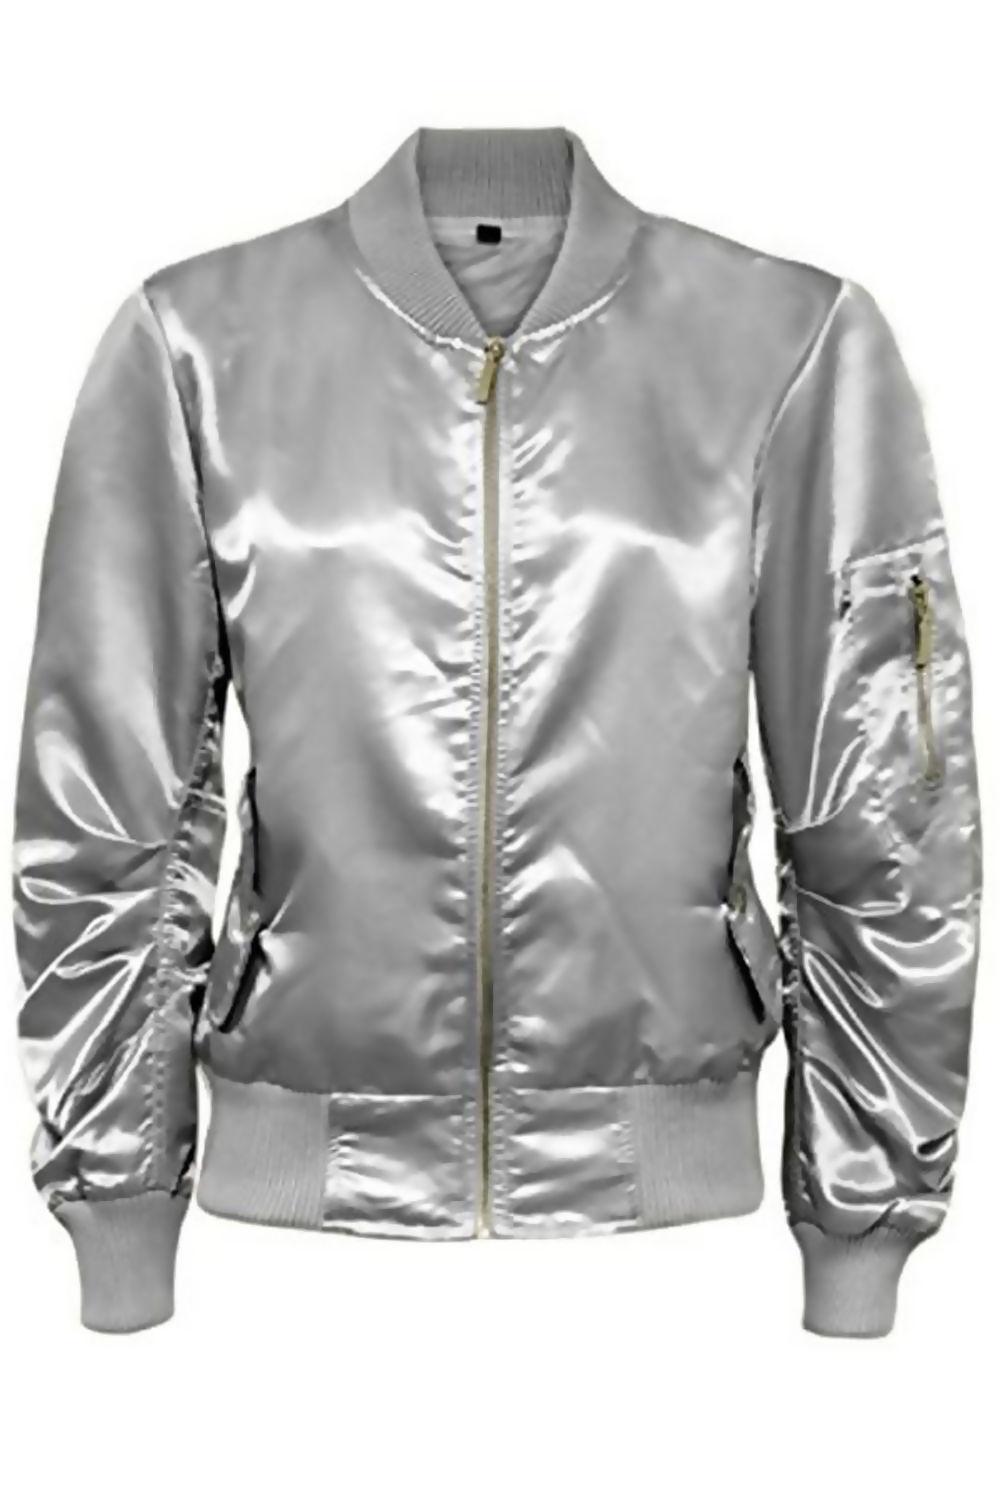 Silver Satin Ma1 Bomber Jacket Bomber Jacket Jackets Long Jeans [ 1496 x 1000 Pixel ]
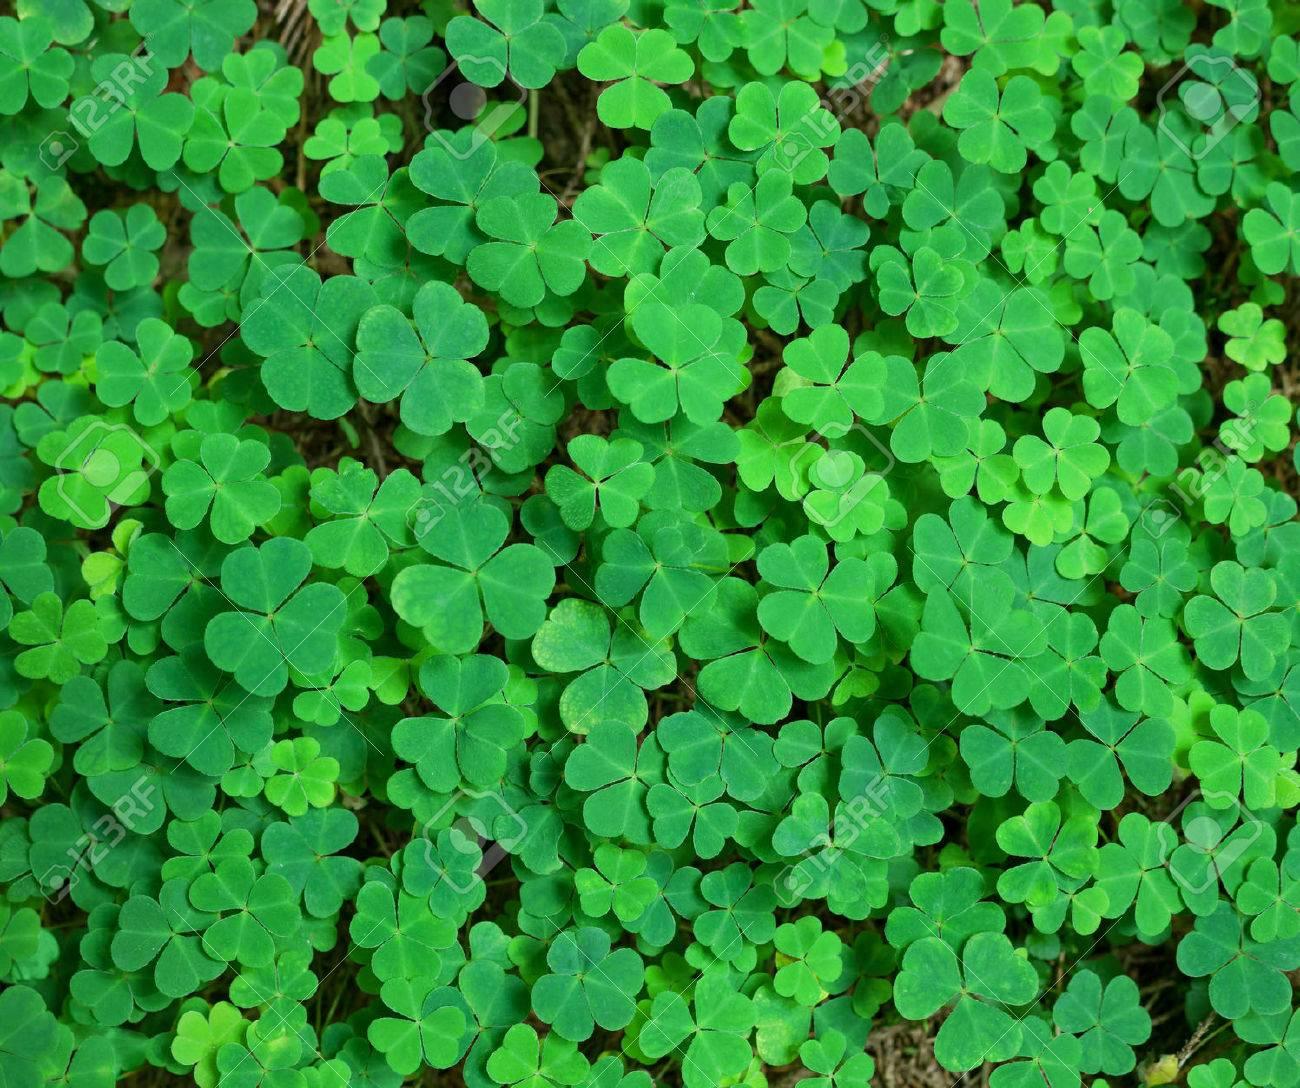 green background with three-leaved shamrocks. St.Patrick's day holiday symbol. - 36564730
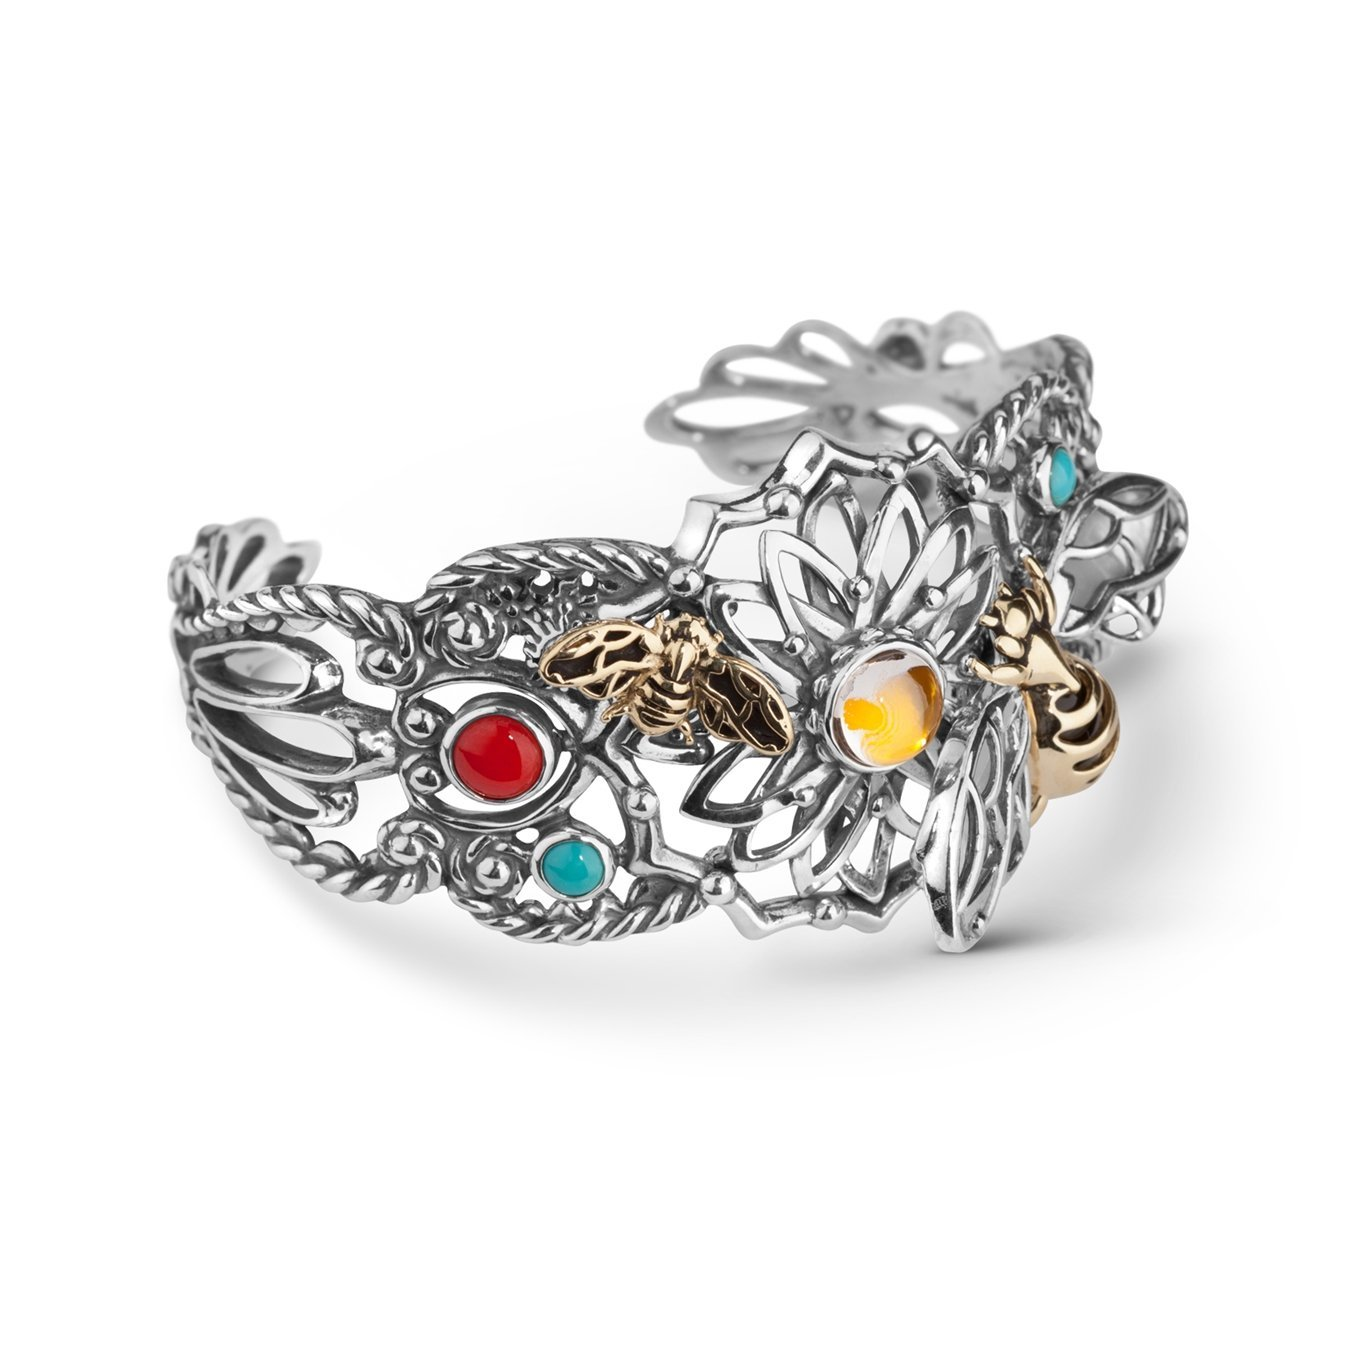 Fritz Casuse Mixed Metal Bumblebee Bracelet

● **WHAT YOU SHOULD DO**
Lines from the one containing "green background with" through the end of the material above must be reproduced exactly; pictures must not be.

● **EXPECTED ANSWER**
 green background with three-leaved shamrocks. St.Patrick's day holiday symbol. - 36564730
 Fritz Casuse Mixed Metal Bumblebee Bracelet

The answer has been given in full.